I considered the auxiliary results

$$J_n=\int_0^{1/2} \frac{\log^n(1-x)\log^{n+1}(x)}{1-x}\textrm{d}x=-\frac{1}{2(1+n)}\log^{2(n+1)}(2)+\frac{1}{2}\lim_{\substack{x\to0 \\ y \to 1}}\frac{\partial^{2n+1}}{\partial x^n \partial y^{n+1}}\operatorname{B}(x,y)$$ and $$ K=\int_{0}^{1/2} \frac{\log^2(x)\log^2(1-x)}{x}\textrm{d}x$$ $$=\frac{1}{8}\zeta(5)-2\zeta(2)\zeta(3)-\frac{2}{3}\log^3(2)\zeta(2)+\frac{7}{4}\log^2(2)\zeta(3)-\frac{1}{15}\log^5(2) $$ $$+4\log(2)\operatorname{Li}_4\left(\frac{1}{2}\right)+4\operatorname{Li}_5\left(\frac{1}{2}\right),$$ which are both calculated in the book (Almost) Impossible Integrals, Sums, and Series.

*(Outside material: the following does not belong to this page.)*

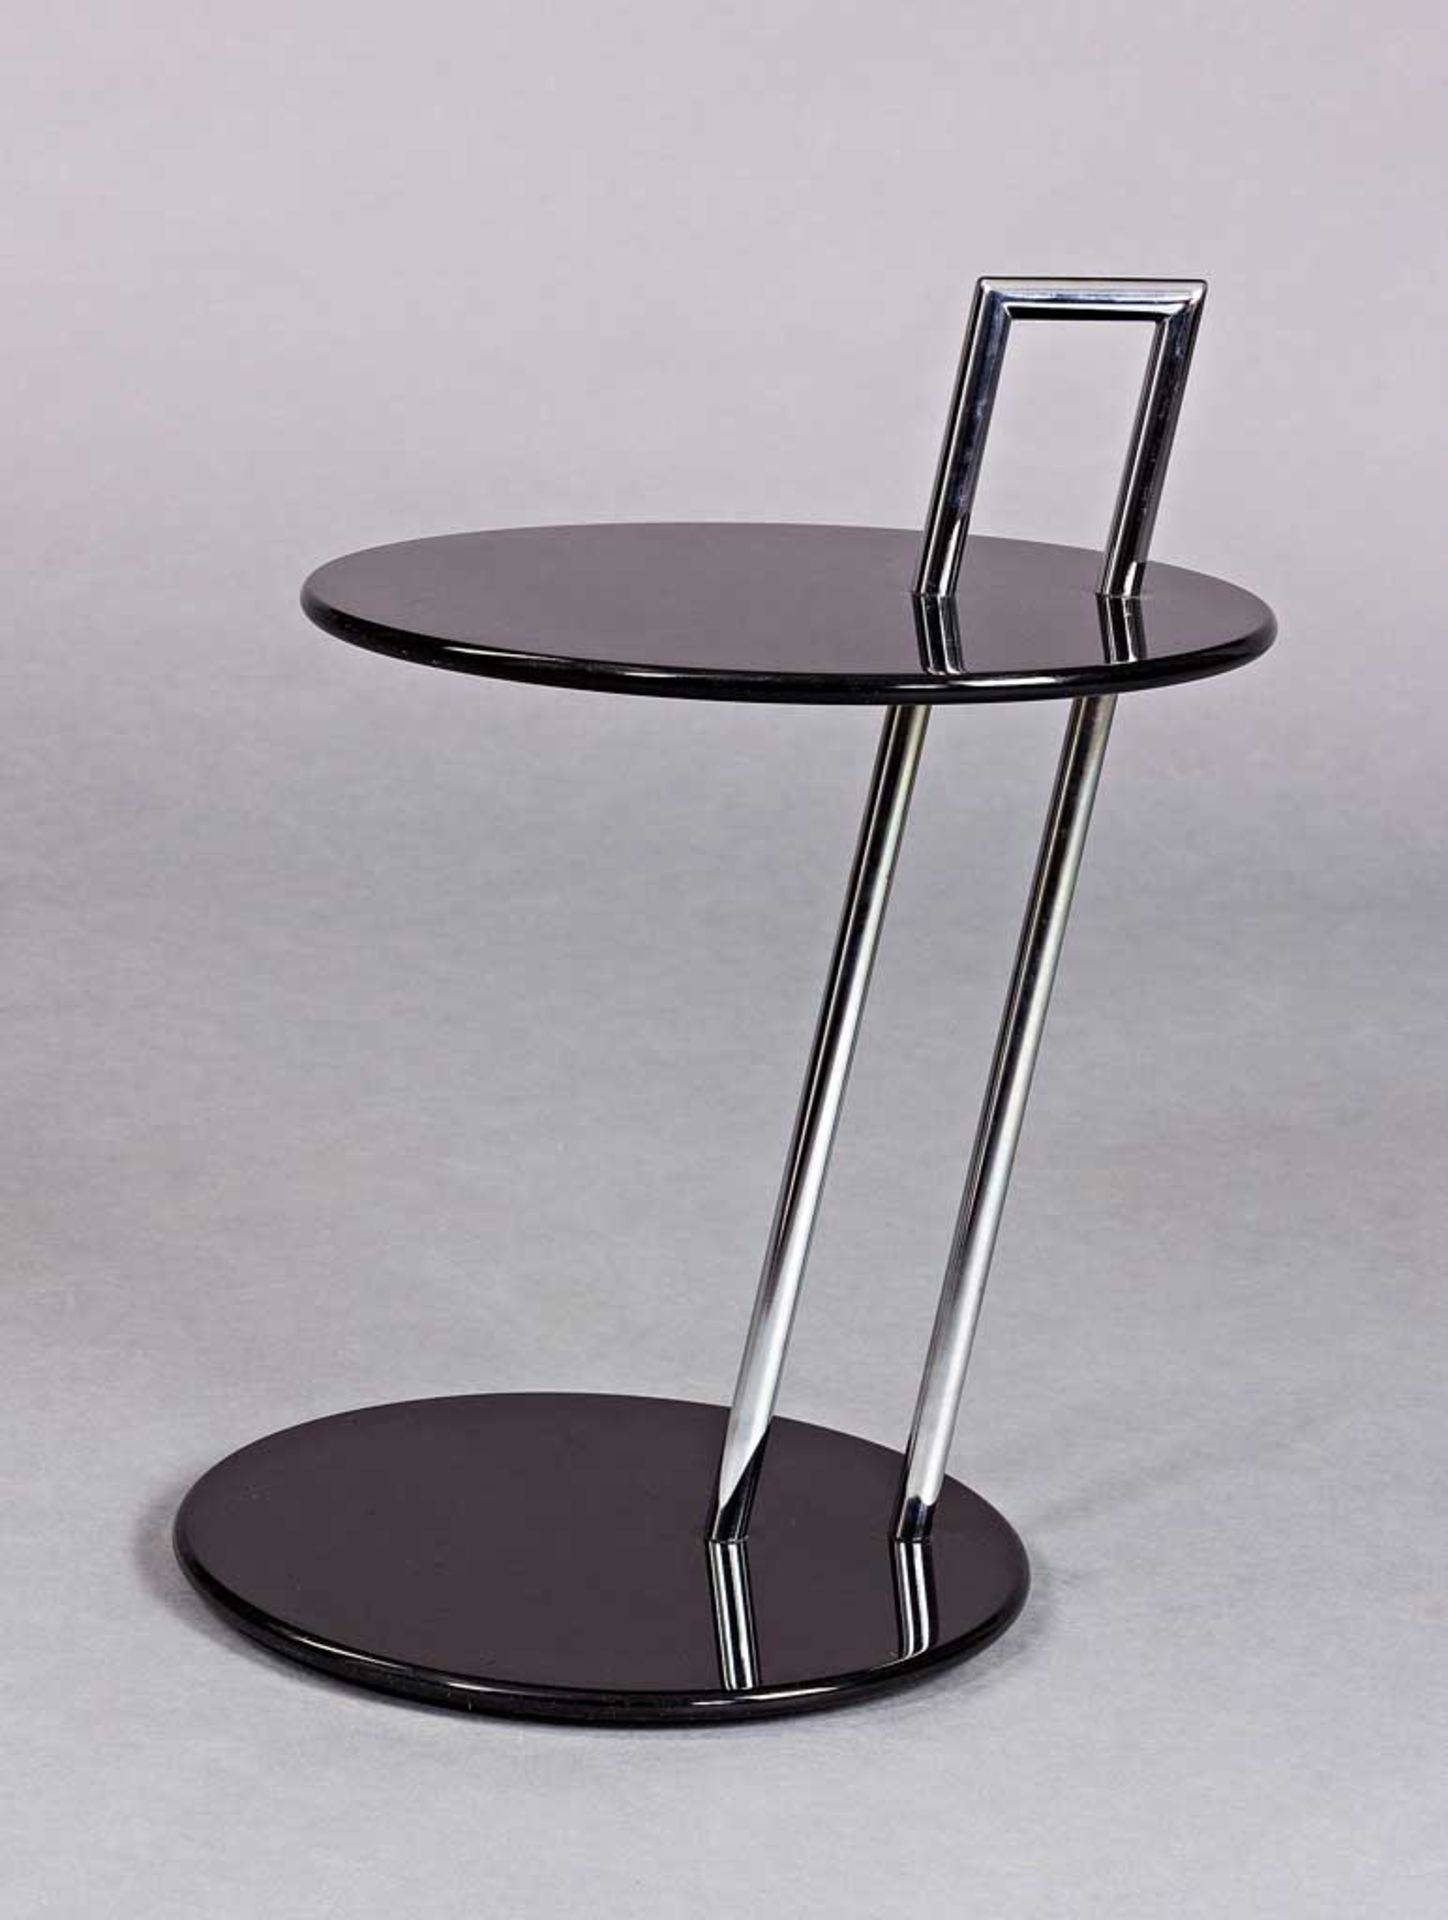 Occasional Table. Schwarzlack und Stahlrohr. Entwurf Eileen Gray 1927. Etikett "Vereinigte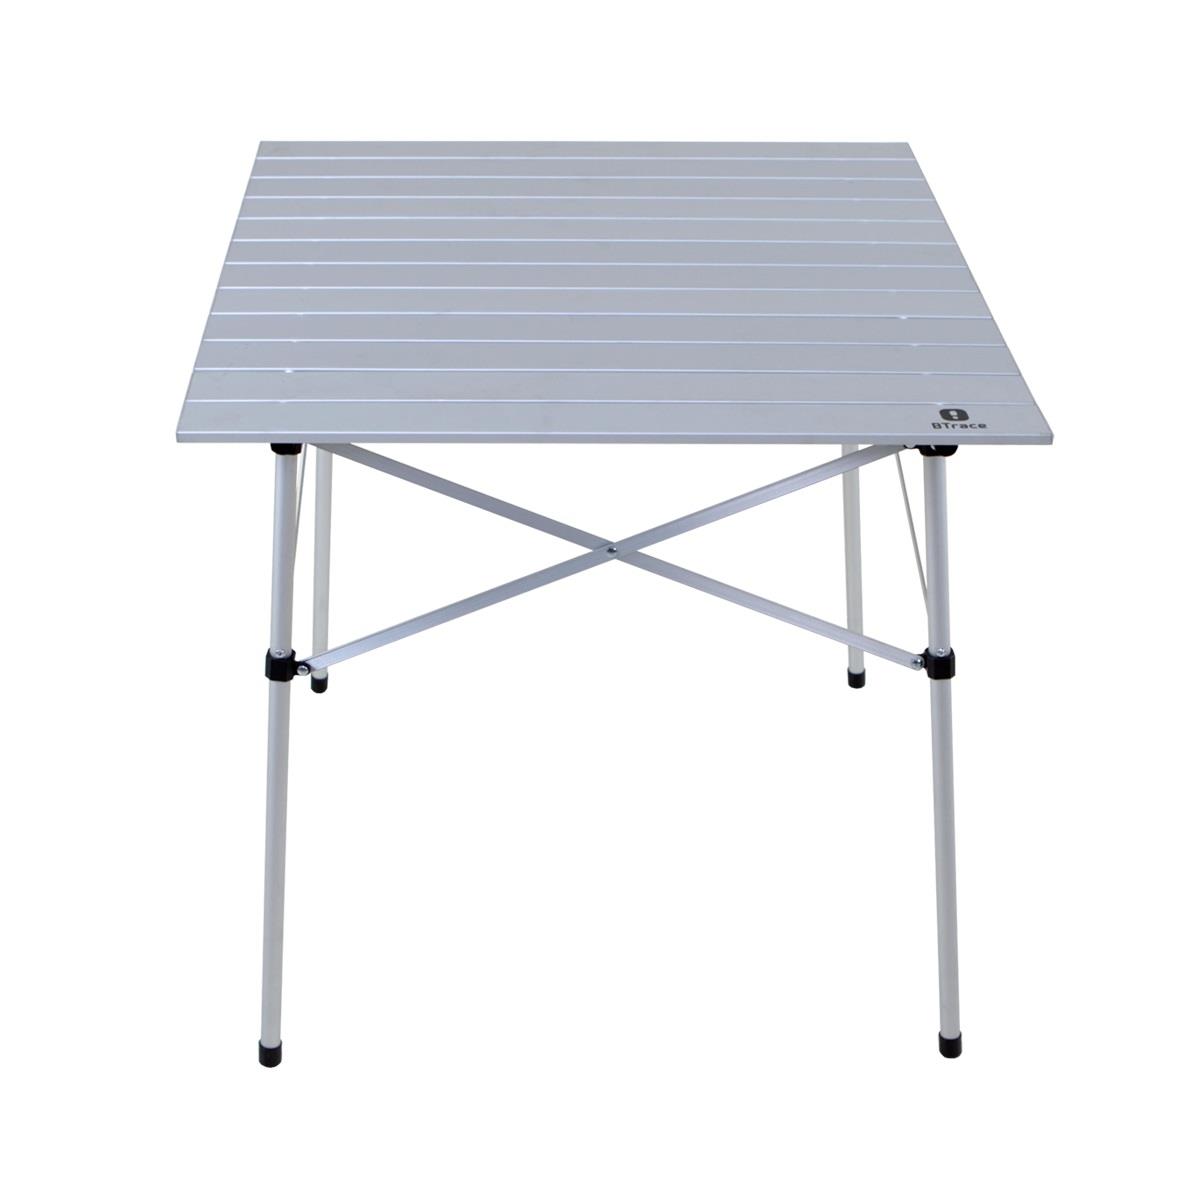 Стол складной Qick table 70 (F0500) BTrace алюминиевый координатный стол технореал

A short note: For the generalization the key is to figure out which groups of integrals to take together for transformations after the first step I described in comments, where to further use algebraic identities to get those expected magical cancellations like in the case above. The rest is trivial. Also, I skipped giving references for the trivial integrals above.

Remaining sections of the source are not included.